To find the height of an overhead power line, you throw a ball straight upward. The ball passes the line on the way up after 0.65 s, and passes it again on the way down 1.9 s after it was tossed.
(a) What is the height of the power line? (m)
(b) What is the initial speed of the ball? (m/s)
To find the height of the overhead power line and the initial speed of the ball, we can use the equations of motion for vertically thrown objects.
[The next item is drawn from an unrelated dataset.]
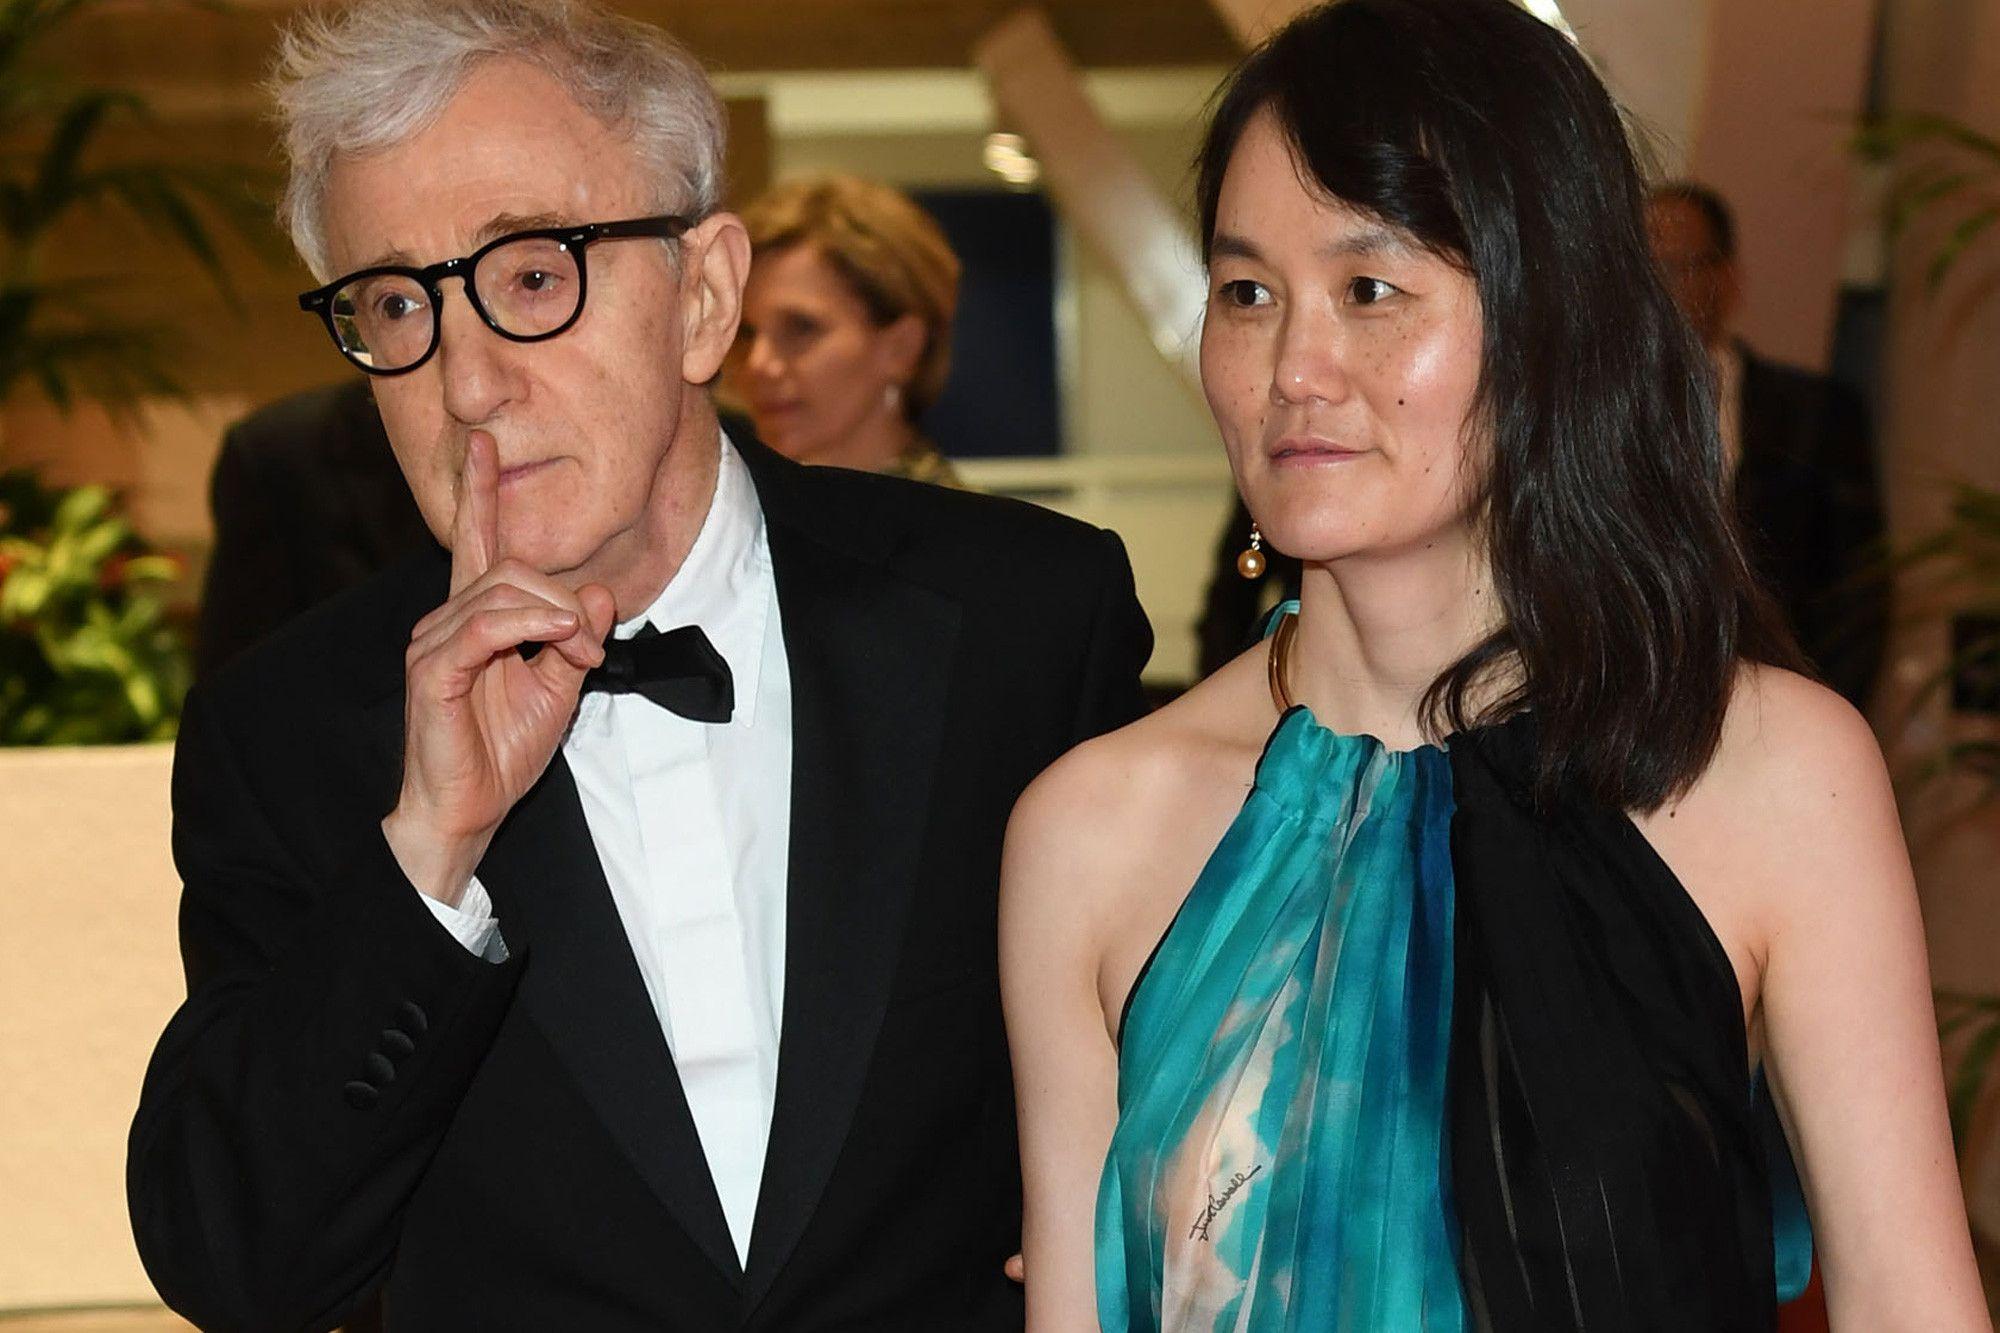 Woody Allen cant escape rape allegations at Cannes premiere

Let's start with part (a), finding the height of the power line:
1. First, we need to find the time it took for the ball to reach its highest point. Since the ball passed the power line on the way up after 0.65 s, the time to the highest point would be half of that, which is 0.65 s / 2 = 0.325 s.
2. Next, we can use the formula for the height at a given time for an object in free fall: h(t) = v₀t - (1/2)gt², where h is the height, v₀ is the initial velocity, t is the time, and g is the acceleration due to gravity (-9.8 m/s²).
With the known values from the problem, our equation becomes:
h(0.325 s) = v₀(0.325 s) - (1/2)(9.8 m/s²)(0.325 s)²
3. Rearranging the equation, we get:
h(0.325 s) = (v₀(0.325 s)) - (0.164 m/s²)(0.105625 s²)
h(0.325 s) = 0.105625v₀ - 0.001737359375 m
Now, we can use the information that the ball passes the power line again on the way down 1.9 s after it was tossed.
4. At this point, the total time would be 1.9 s + 0.325 s = 2.225 s.
Again, using the equation for height at a given time, we have:
h(2.225 s) = 0.105625v₀ - 0.001737359375 m
5. Since the height of the power line remains the same, we can set the two equations equal to each other:
0.105625v₀ - 0.001737359375 m = 0.105625v₀ - 0.001737359375 m
The units on both sides cancel, leaving us with:
0.105625v₀ = 0.105625v₀
We see that the equation is satisfied for any value of v₀, meaning that the height does not depend on the initial velocity.
6. Therefore, to find the height of the power line, we can choose either equation. Let's use the first equation:
h(0.325 s) = 0.105625v₀ - 0.001737359375 m
Plugging in the values:
0.001737359375 m = 0.105625v₀ - 0.001737359375 m
Simplifying the equation, we get:
2 * 0.001737359375 m = 0.105625v₀
0.00347471875 m = 0.105625v₀
v₀ = 0.00347471875 m / 0.105625
7. Calculating v₀:
v₀ ≈ 0.033 m/s
So, the height of the power line is 0.00347471875 m, and the initial speed of the ball is approximately 0.033 m/s.
Note: In this problem, the height of the overhead power line is given relative to the initial position of the thrown ball. If a reference point for the ground level is provided, the height can be calculated accordingly.